> Task requirements: Each line of the material must be repeated precisely, with the pictures left out.

Start of Supplied material

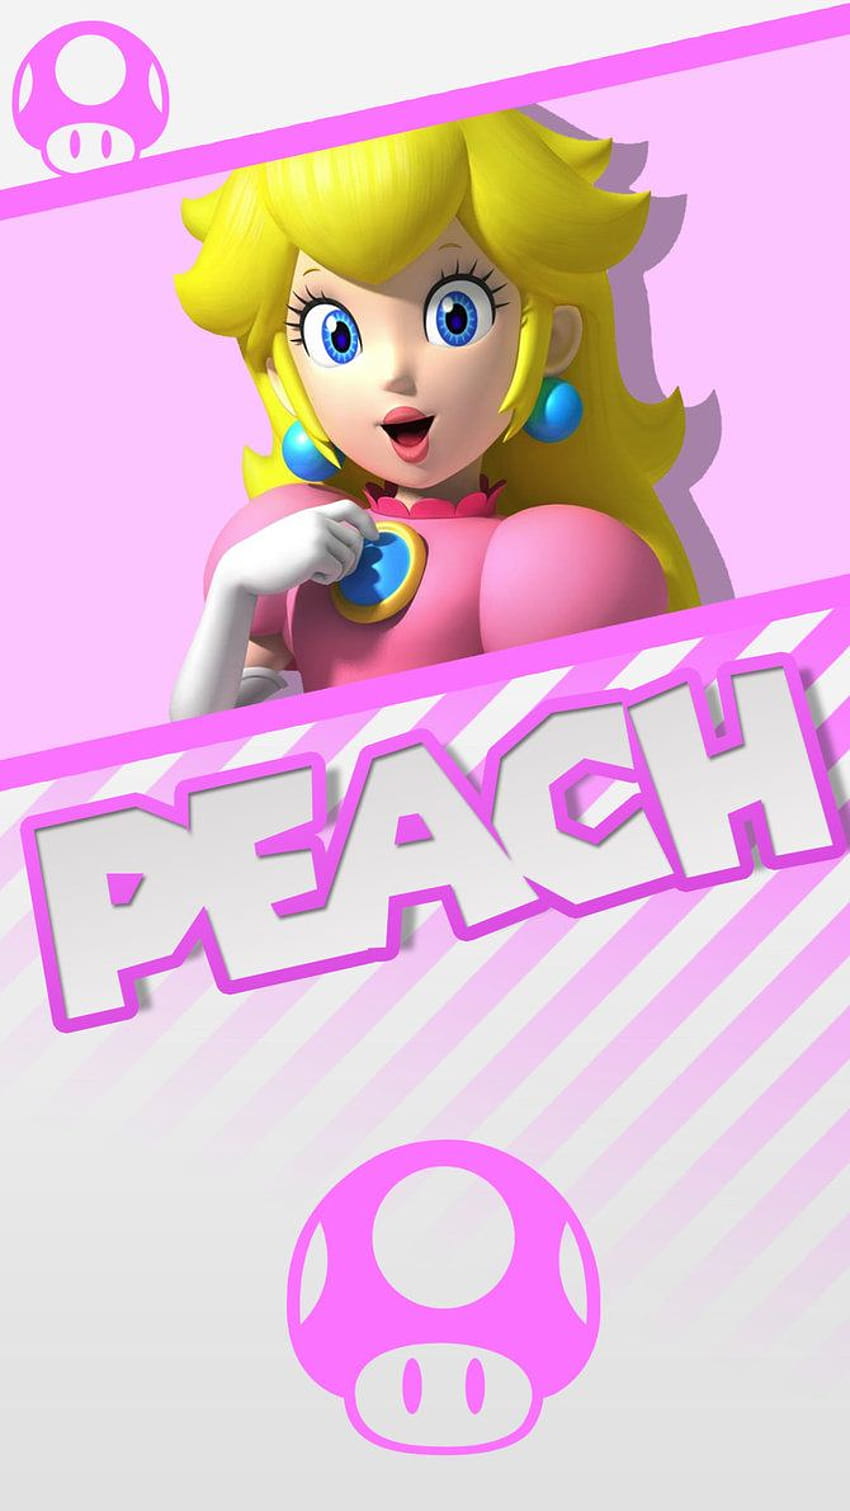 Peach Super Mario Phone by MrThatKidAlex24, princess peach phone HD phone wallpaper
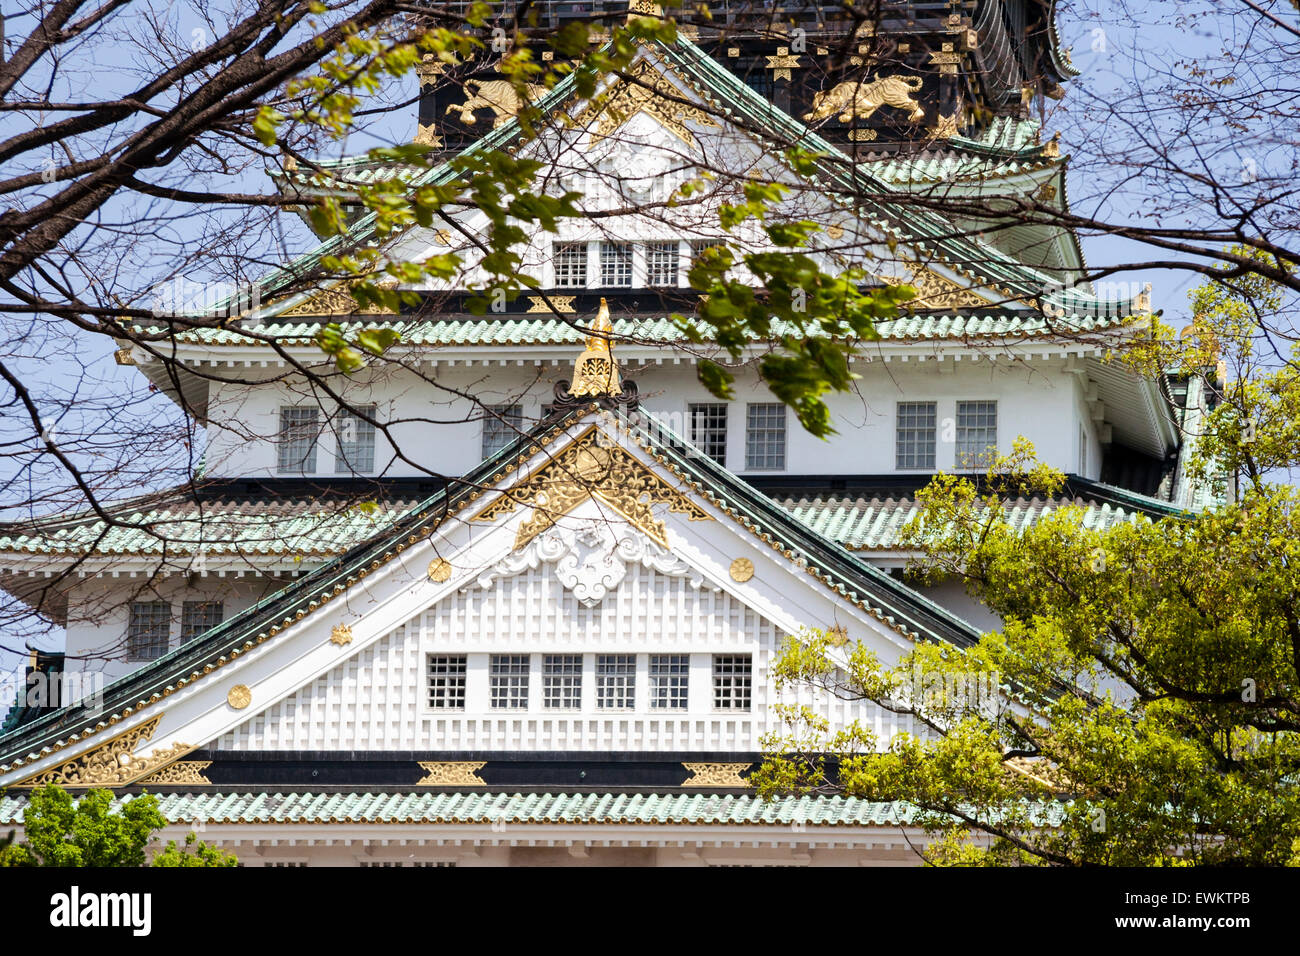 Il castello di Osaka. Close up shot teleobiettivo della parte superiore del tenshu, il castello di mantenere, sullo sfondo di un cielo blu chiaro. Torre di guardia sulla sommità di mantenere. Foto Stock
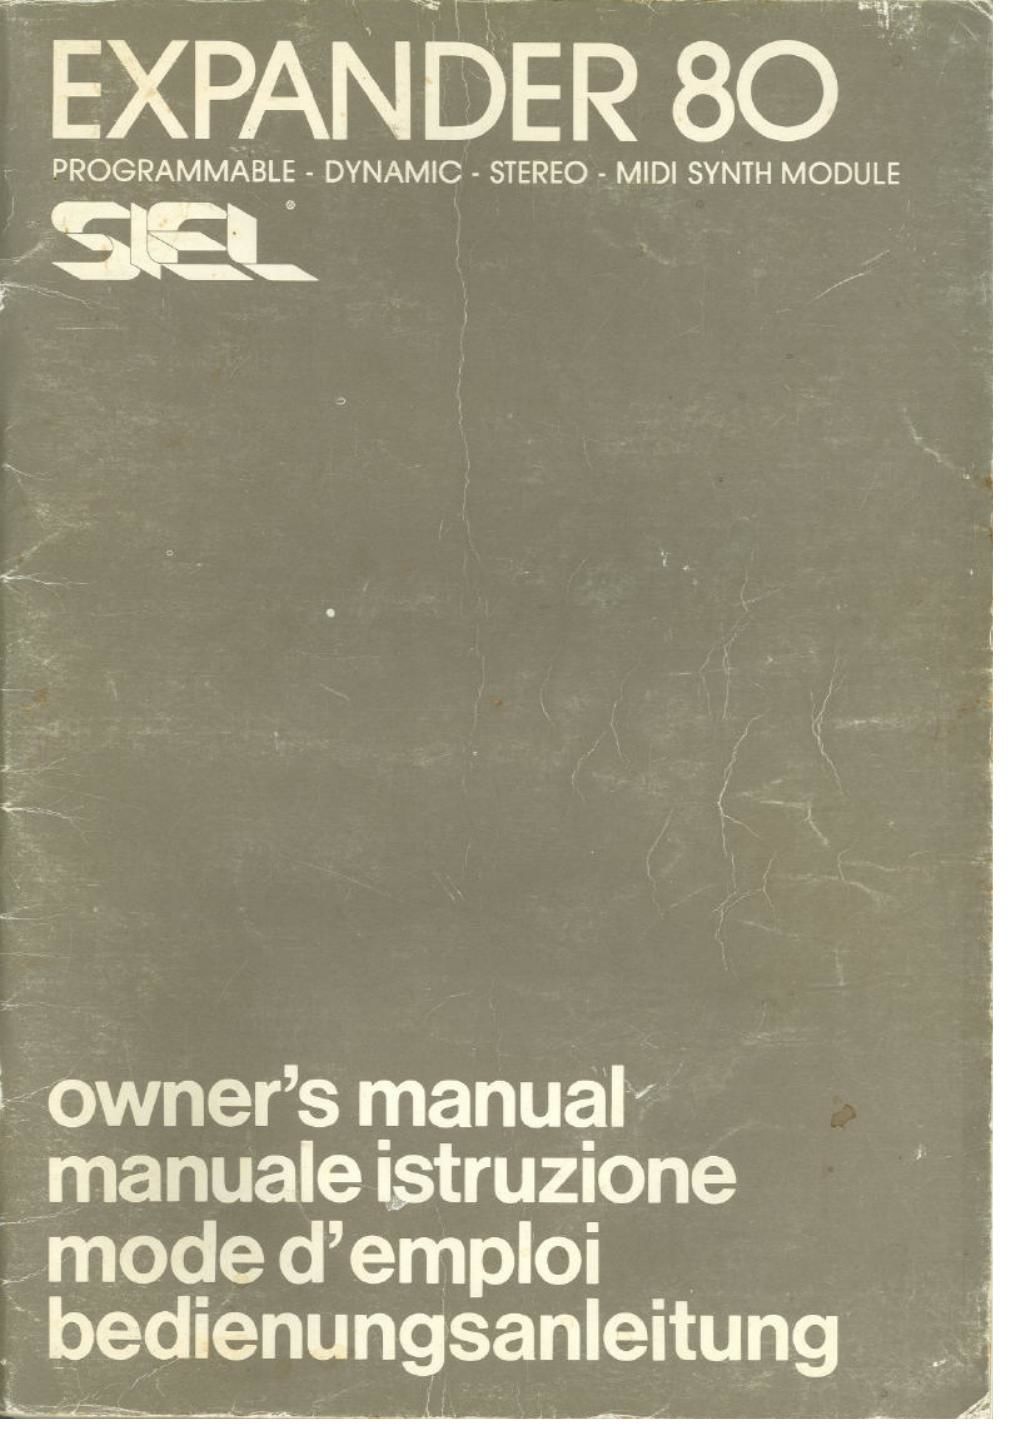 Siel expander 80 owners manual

End of Supplied material

> Expected answer:
 Peach Super Mario Phone by MrThatKidAlex24, princess peach phone HD phone wallpaper
 Il castello di Osaka. Close up shot teleobiettivo della parte superiore del tenshu, il castello di mantenere, sullo sfondo di un cielo blu chiaro. Torre di guardia sulla sommità di mantenere. Foto Stock
 Siel expander 80 owners manual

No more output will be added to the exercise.